Each line of the data is to be output verbatim, with the images removed.

Material provided
┄┄┄┄┄┄┄┄┄┄

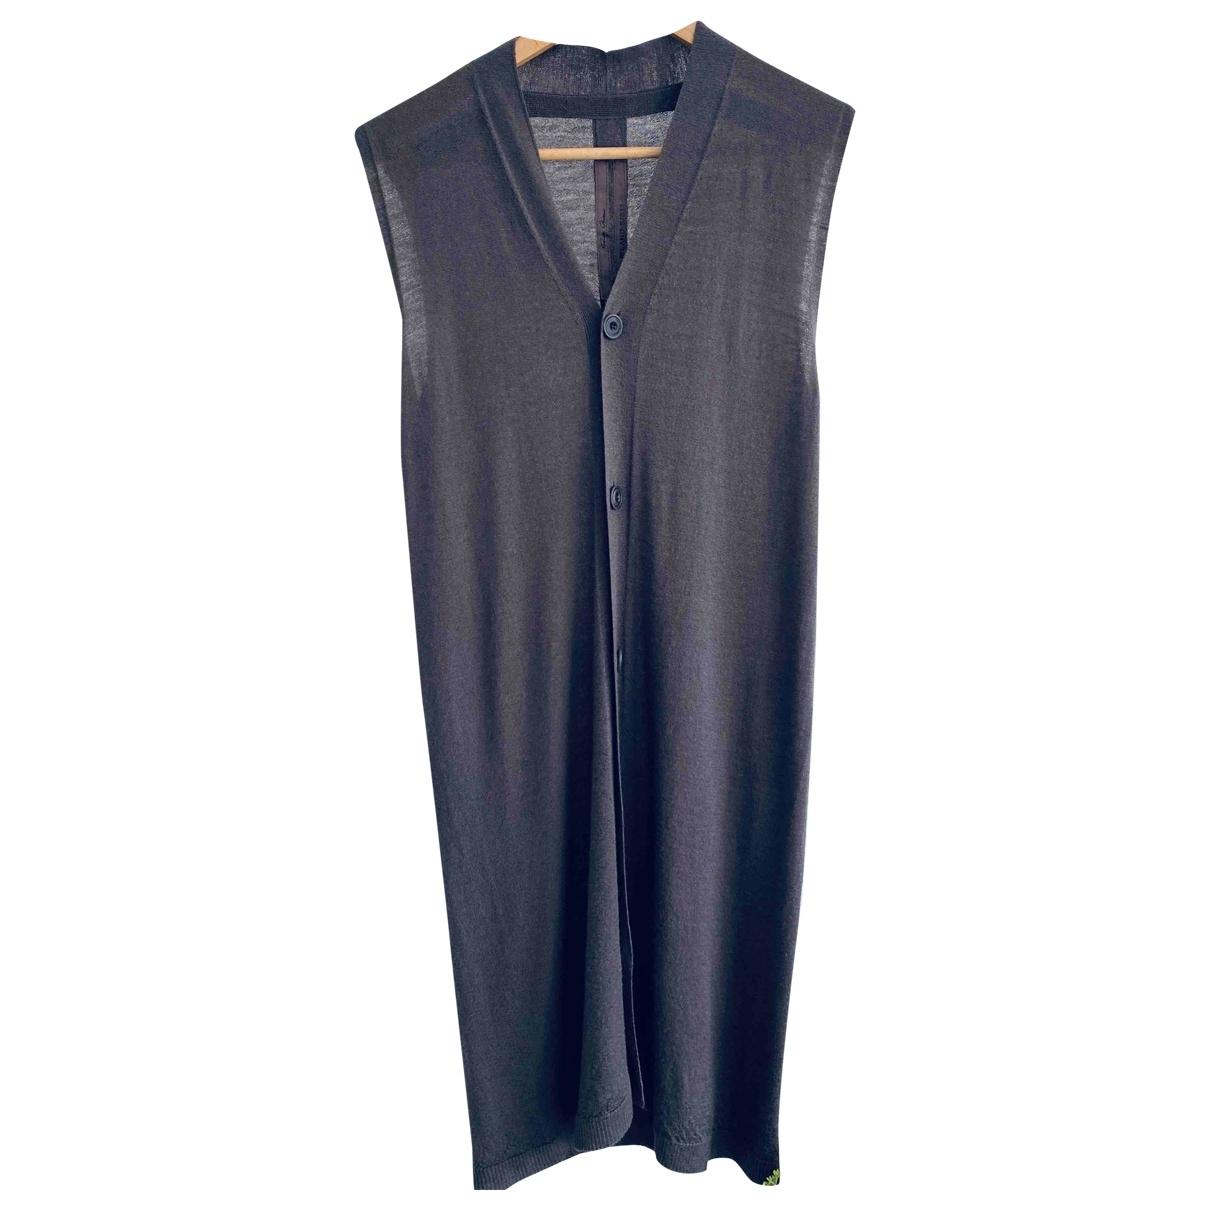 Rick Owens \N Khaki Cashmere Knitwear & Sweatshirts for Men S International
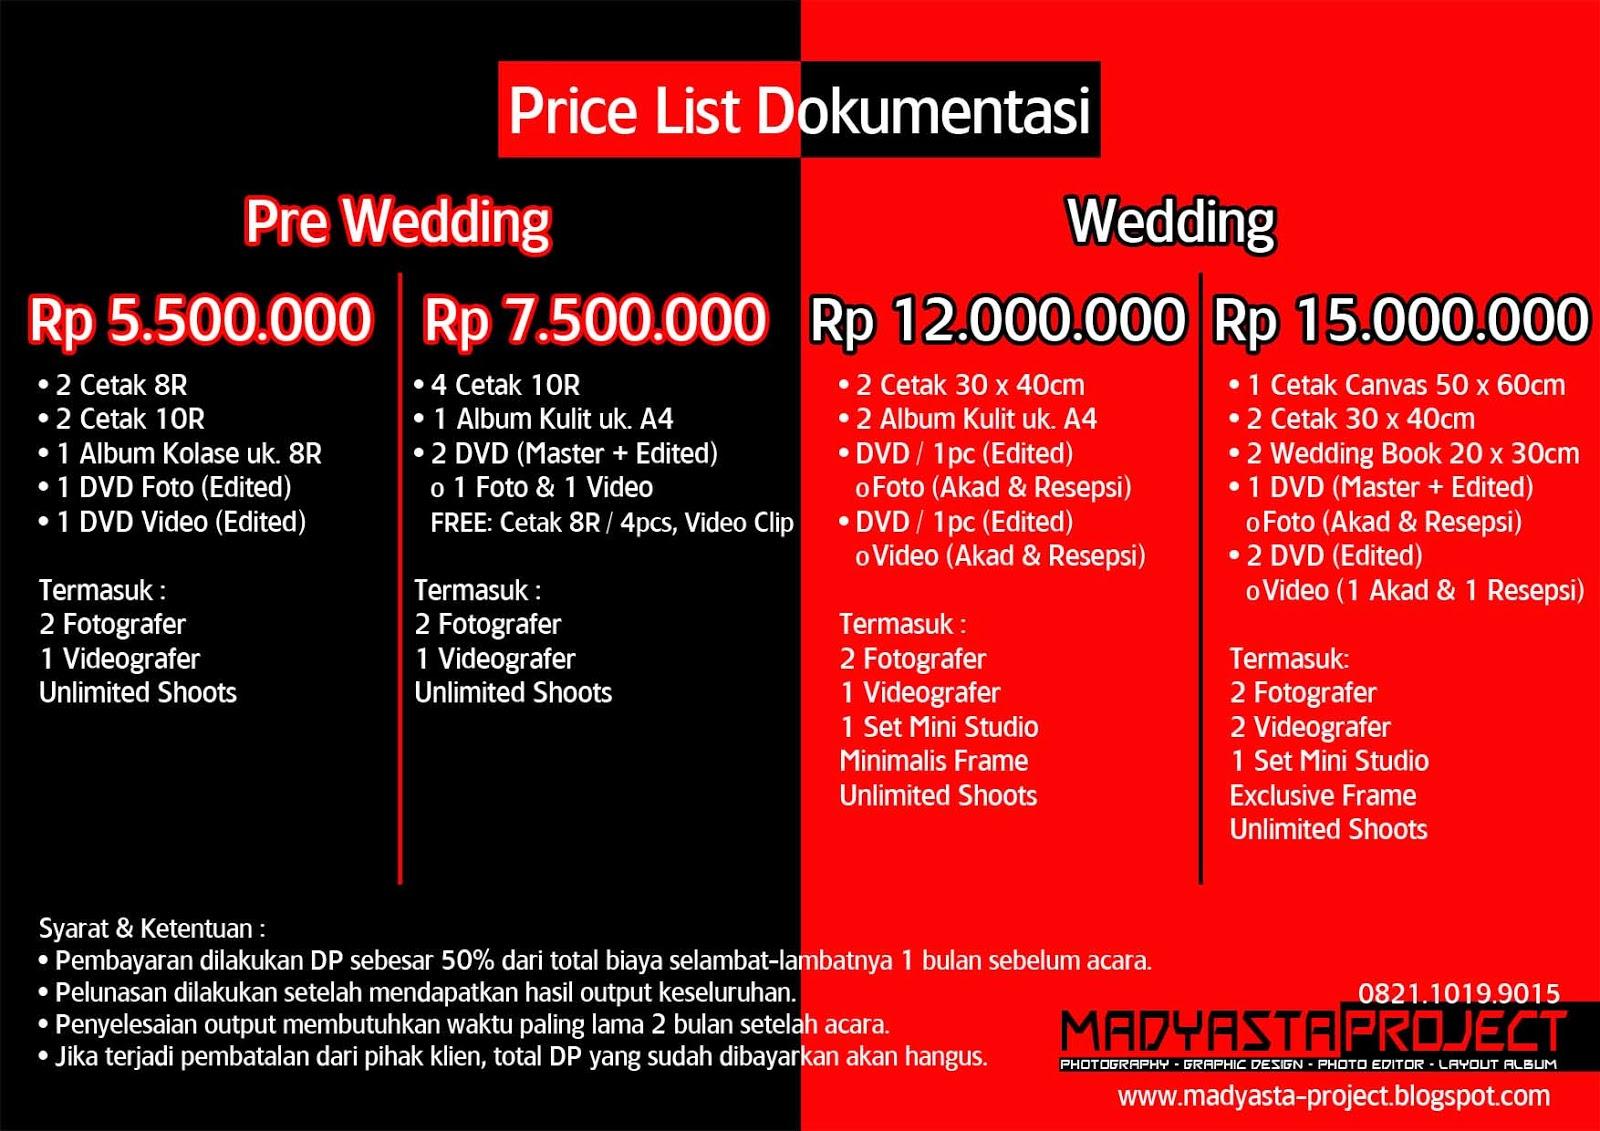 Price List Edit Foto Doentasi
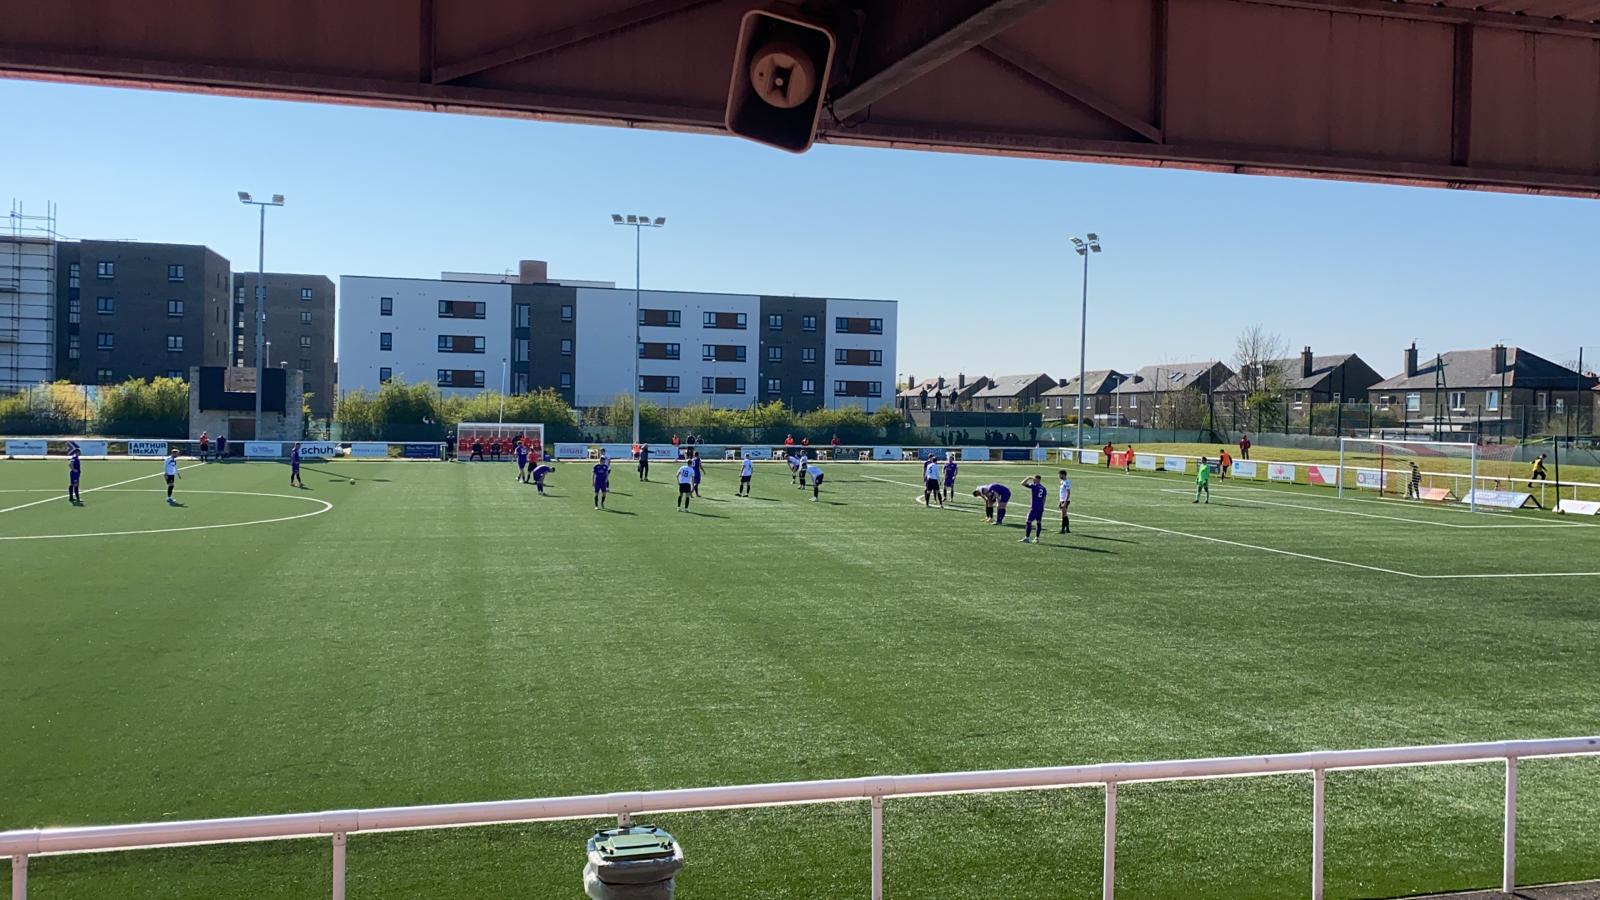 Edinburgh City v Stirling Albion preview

┄┄┄┄┄┄┄┄┄┄

Solution to the exercise
 Rick Owens \N Khaki Cashmere Knitwear & Sweatshirts for Men S International
 Price List Edit Foto Doentasi
 Edinburgh City v Stirling Albion preview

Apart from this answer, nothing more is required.